The days of uncertainty involving the utility of electric cars are over. At first, they were basically mobile curiosity pieces with high eMPG, but with limited range and questionable crash tolerance. Today, almost every family would like to have one. However, when a fantastically popular product develops, there are often downsides. In the case of electric cars, there are significant downsides when it comes to some of the raw materials used in their construction. In particular, some of the ones needed to make their batteries.

Raw materials

Electric cars use many exotic rare materials in their battery packs. Metals such Cobalt, lithium, and nickel are just a few.
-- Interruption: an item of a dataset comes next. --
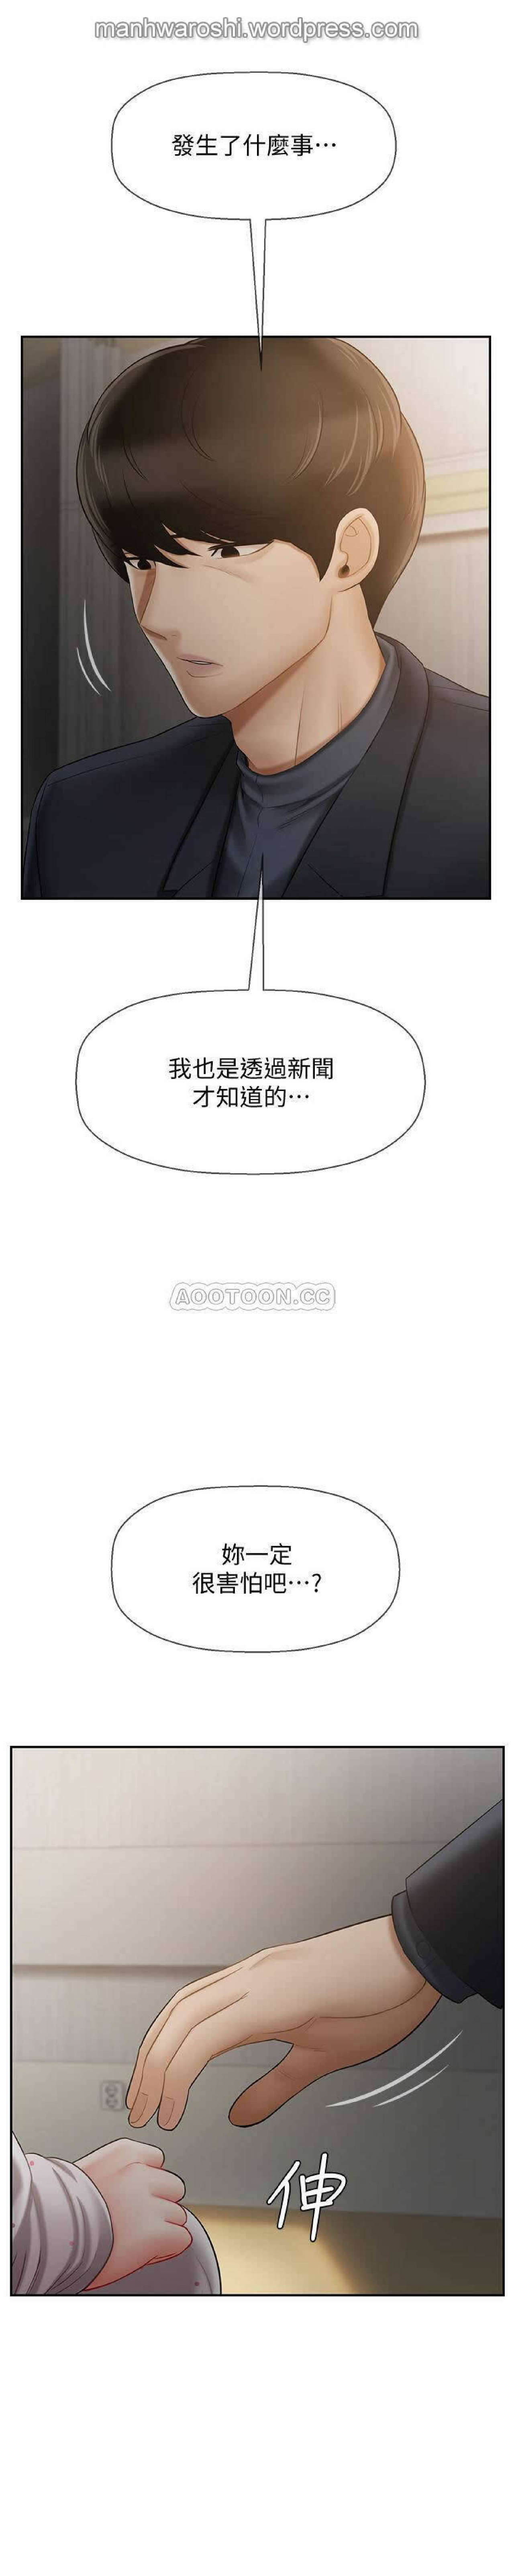 坏老师 | PHYSICAL CLASSROOM 12 [Chinese] Manhwa 
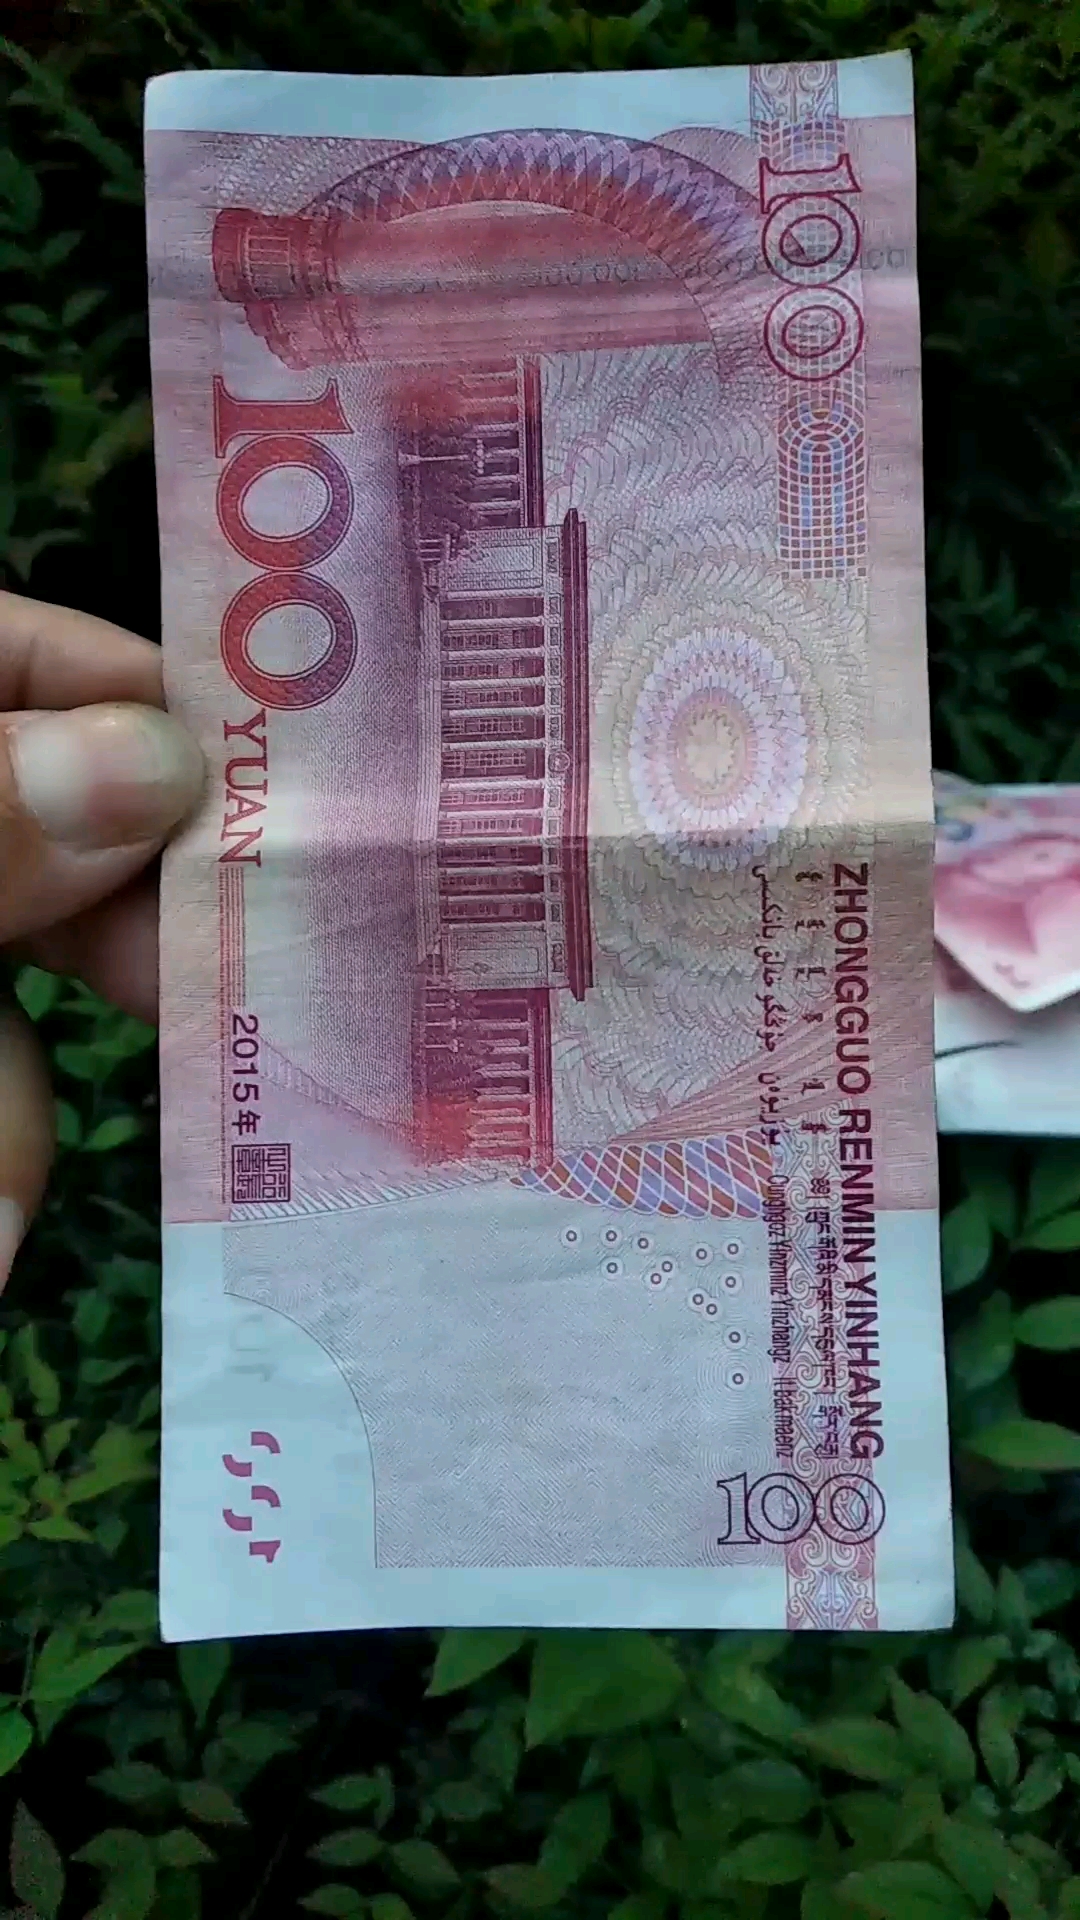 2015年一百元人民币图片

According to Victory Lane Chevrolet of Fort Myers, FL these metals are needed to make the lithium-ion batteries in the Volt sedans, among other Chevrolet car and trucks.  The problem is that with demand increasing dramatically, some side effects have occurred in the battery raw material supply chain. For example, many of these raw materials come from third world countries where labor is often unreasonably cheap and there are pollution concerns. Let's look at the supply chain of the rare earth metal Cobalt.

Cobalt supply

Cobalt is a metal found in the Earth's crust and is one of the critical raw materials used to make lithium-ion batteries. Cobalt is mined all over the world, but much of the global supply comes from the Democratic Republic of Congo. According to UNICEF, some 240,000 Congolese are involved in cobalt mining, and wages may not be at the levels that they should. Thankfully, various social and humanitarian groups are working to make sure working conditions and pay rise to acceptable levels.

Making a difference

Since the demand for cobalt and other scarce metals is driven not only electric car manufacturers but many other electronics companies (specifically cell phone manufacturers), these companies should be held accountable for enforcing ethically-sourcing policies.  This is a top down approach, and it has been shown to be very effective.

Oversight is involved

Thankfully, some companies are off to a good start. Let's look at cobalt supply again. A few years ago, tech giants like Samsung, and Sony combined forces and created the Responsible Cobalt Initiative (RPI). Members of the RPI have pledged to follow guidelines for the cobalt supply chain. Today, the RPI is a large and growing environmental agency.

Other raw materials

In this article, we focused on just cobalt, but most of the other raw materials, in particular, the rare ones, are being overseen in a similar fashion. Thankfully, the days of exploitation and other practices are being addressed and being taken care of.